The grating-structured surface of the P3HT:PCBM active layer was fabricated by spin cast molding using a PDMS mold stamp. Vinyl poly(dimethylsiloxane) prepolymer (VDT-731), hydrosilane prepolymer (HMS-301), and Pt catalyst (SIP6831.1) were purchased from Gelest, Inc., and used to prepare the PDMS mold stamp. P3HT, PCBM, and BCP were purchased from Luminescence Technology Corp., Frontier Carbon Corp., and Tokyo Chemical Industry, respectively. The PEDOT:PSS solution (Clevios AI4083) was purchased from Heraeus. These materials were used as received. All other employed solvents and reagents were of analytical grade and purchased commercially.

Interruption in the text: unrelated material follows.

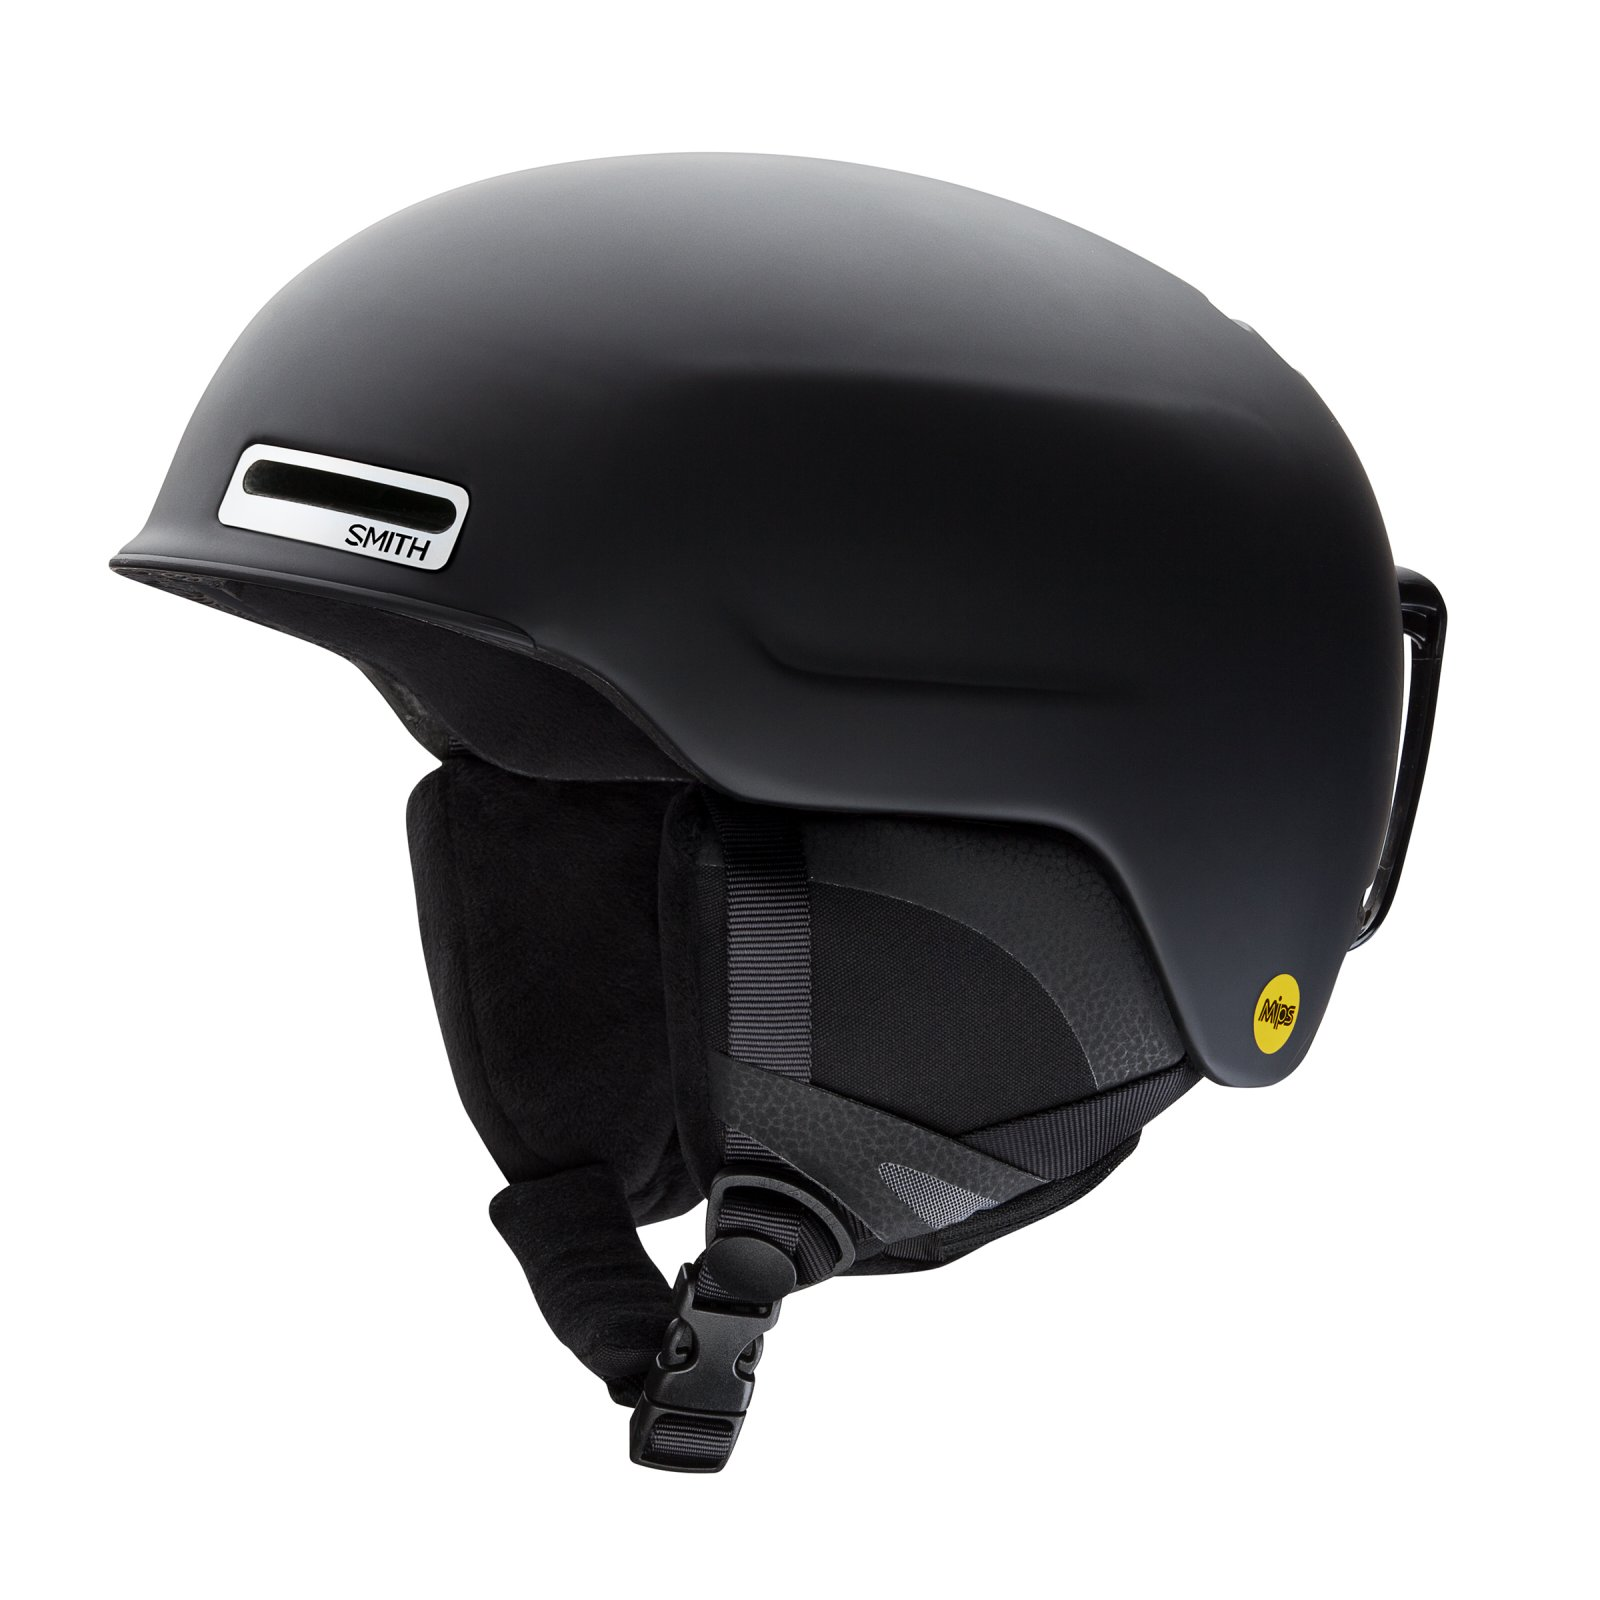 2022 Smith Maze MIPS Helmet
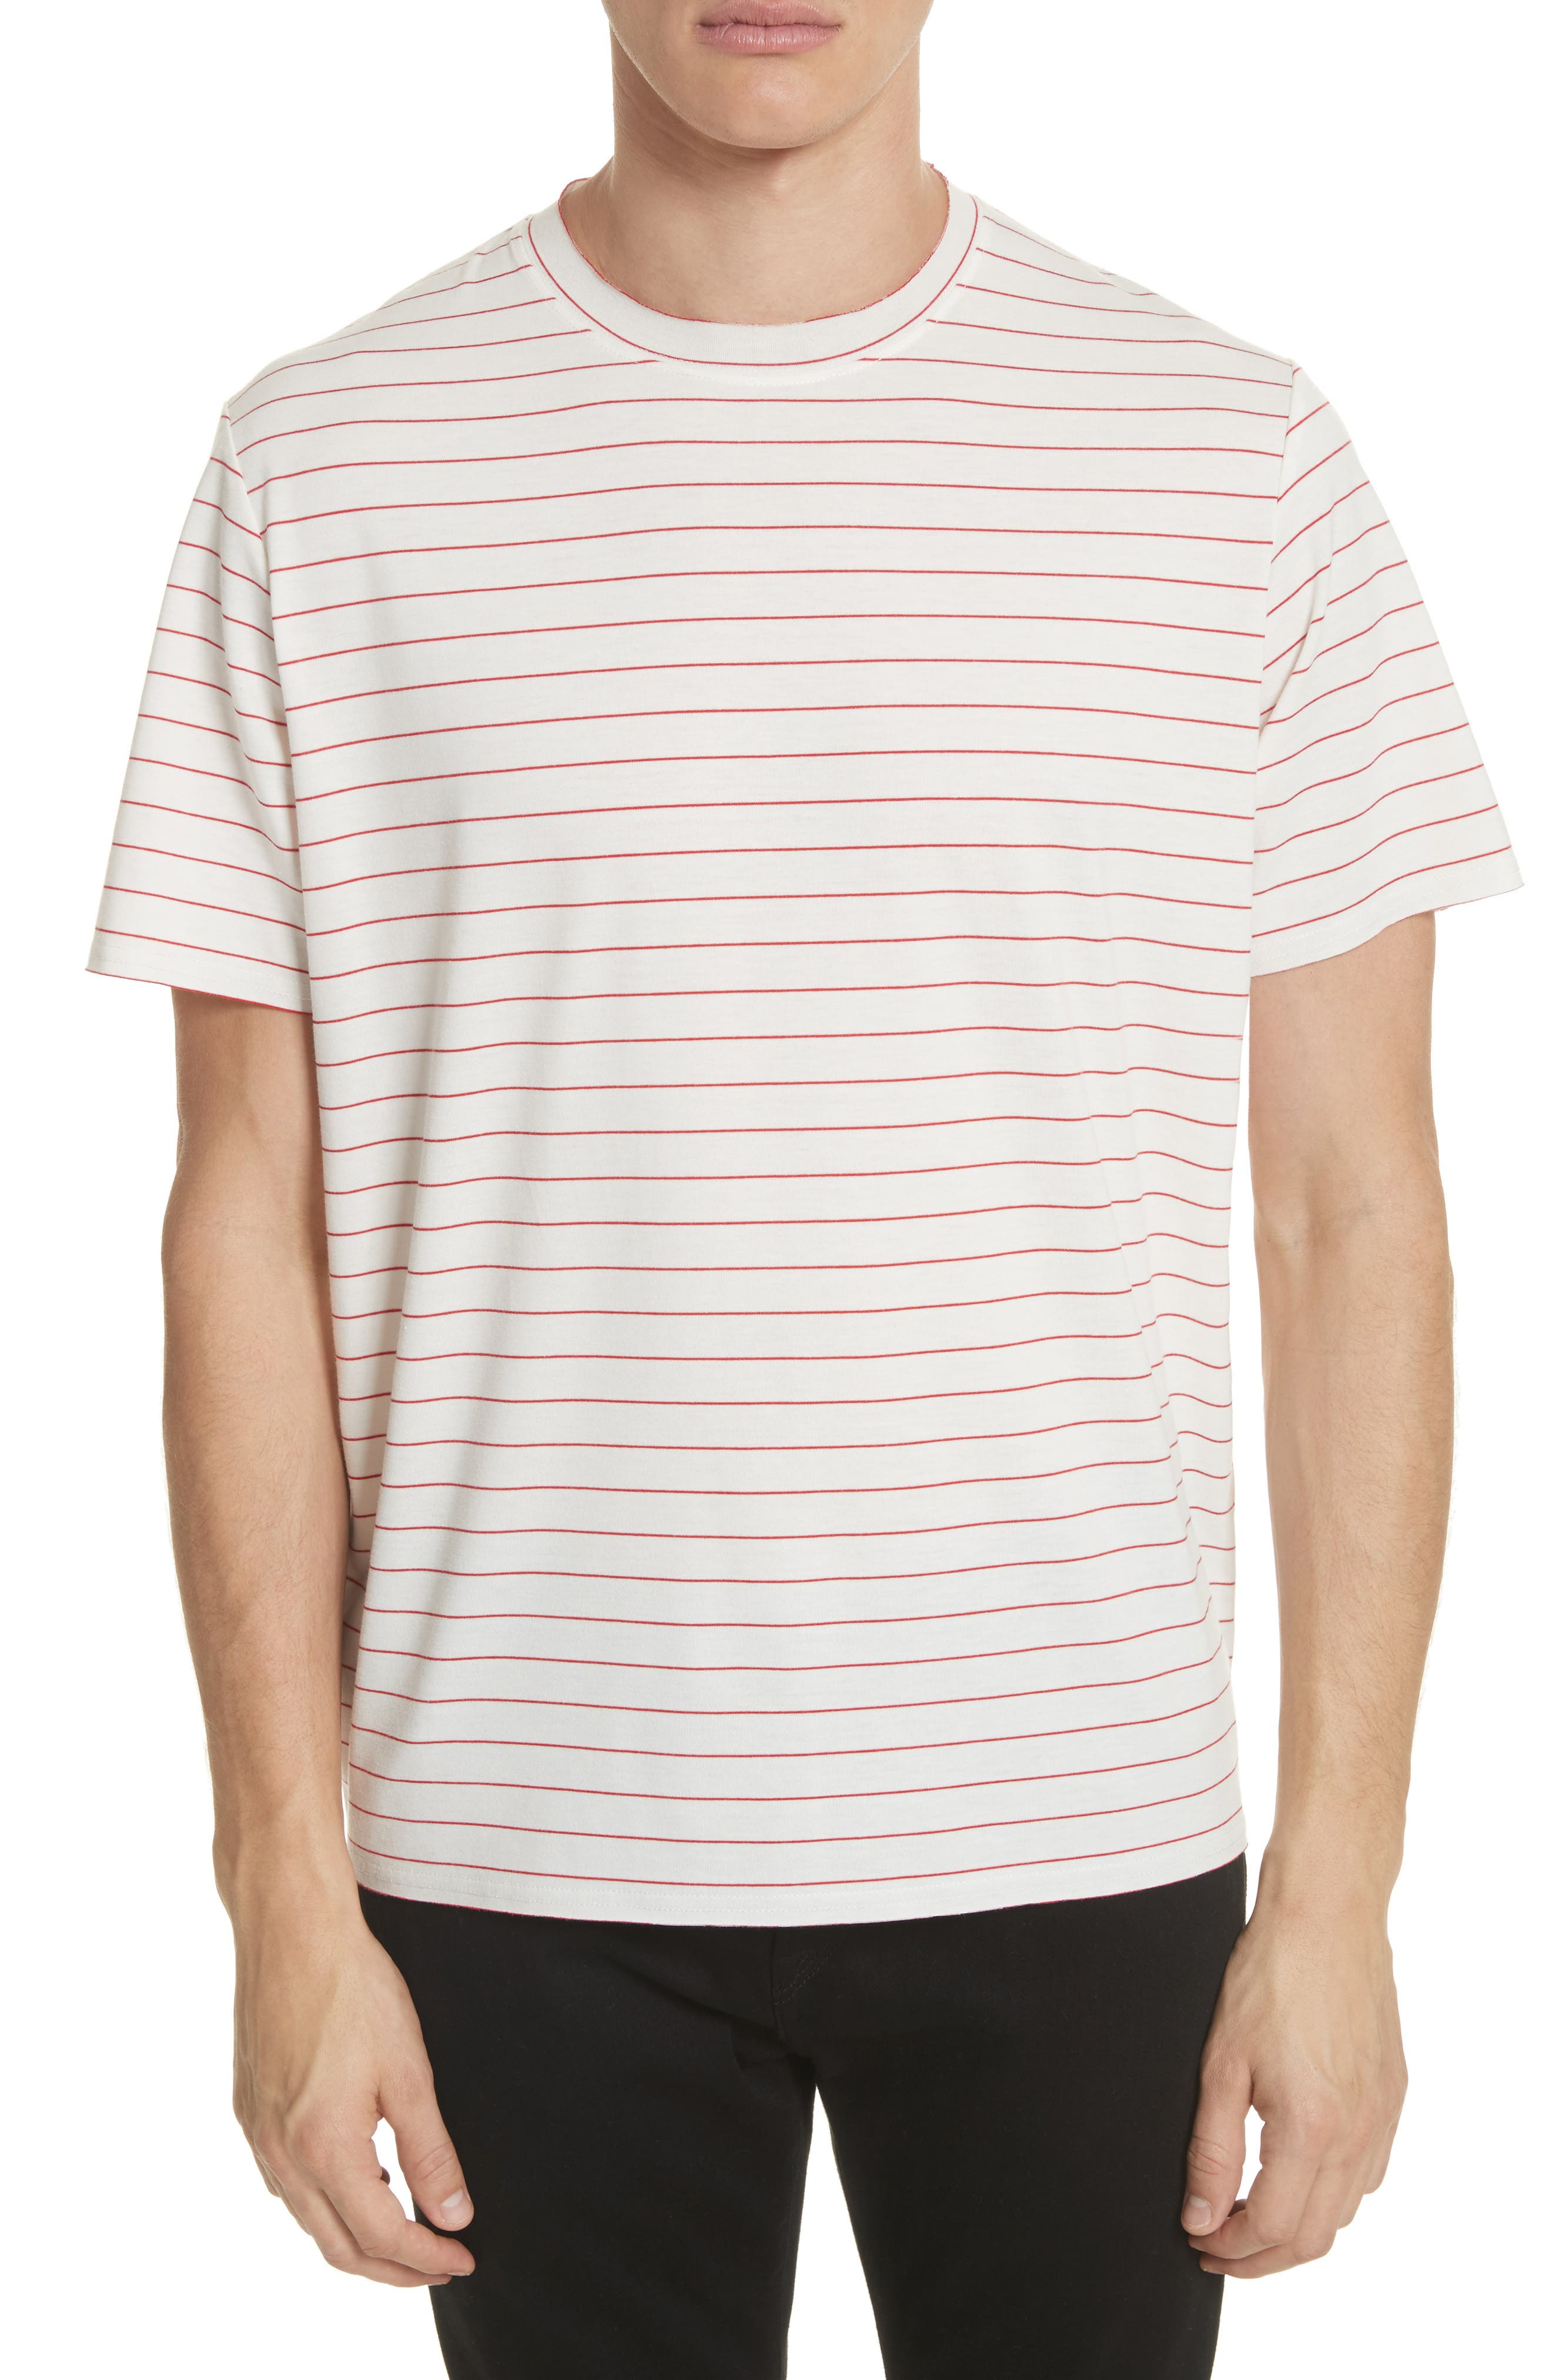 Stripe Crewneck T-Shirt,                         Main,                         color, White/ Red

The employed substrate was a 100-nm-thick-ITO-coated glass plate with a resistance of approximately 20 Ω/sq supplied by Sanyo Vacuum Industries. The substrates were cut into 14 × 18 mm2 sample slides, and the ITO layers were etched using an aqua regia solution to form 2-mm-wide stripes, which are employed as anodes. The patterned ITO substrates were cleaned and rinsed using two detergent solutions (Extran MA 03, pH 6.8, MERCK, and Kontaminon O, pH 10, WAKO) and de-ionized water. The ITO substrates were further cleaned, successively ultrasonicated in acetone and isopropanol, and transferred to boiled isopropanol.

The PEDOT:PSS solution was filtered using a polyvinylidene difluoride (PVDF) filter (pore size: 0.45 µm) and ultra-sonicated for more than 1 h before use. A PEDOT:PSS layer (∼40 nm) was fabricated on the cleaned surface of the ITO substrate using a spin-coater (MS-A100, Mikasa) at a spin rate of 3300 rpm for 30 s in a nitrogen-filled glove box and annealed at 85 °C for 5 min.

As a cheap and convenient source of grating pattern, a commercially available DVD-R was used.52,53 The polycarbonate support substrate of the DVD-R was carefully peeled off to obtain the underlying grating pattern. The remaining dye and metal layers on the grating-patterned surface were removed using aqua regia, followed by rinsing with de-ionized water. After drying, it was used as a master mold.

A PDMS solution made by mixing 6.0 g of the vinyl PDMS prepolymer with 2.0 g of the hydrosilane prepolymer and 0.1% w/w platinum catalyst was poured onto the master mold. The casted PDMS layer, as thick as approximately 2 mm, was degassed under vacuum for 20 min to remove air bubbles and cured at 90 °C for 1 h. The master mold was removed, and the PDMS stamp was obtained.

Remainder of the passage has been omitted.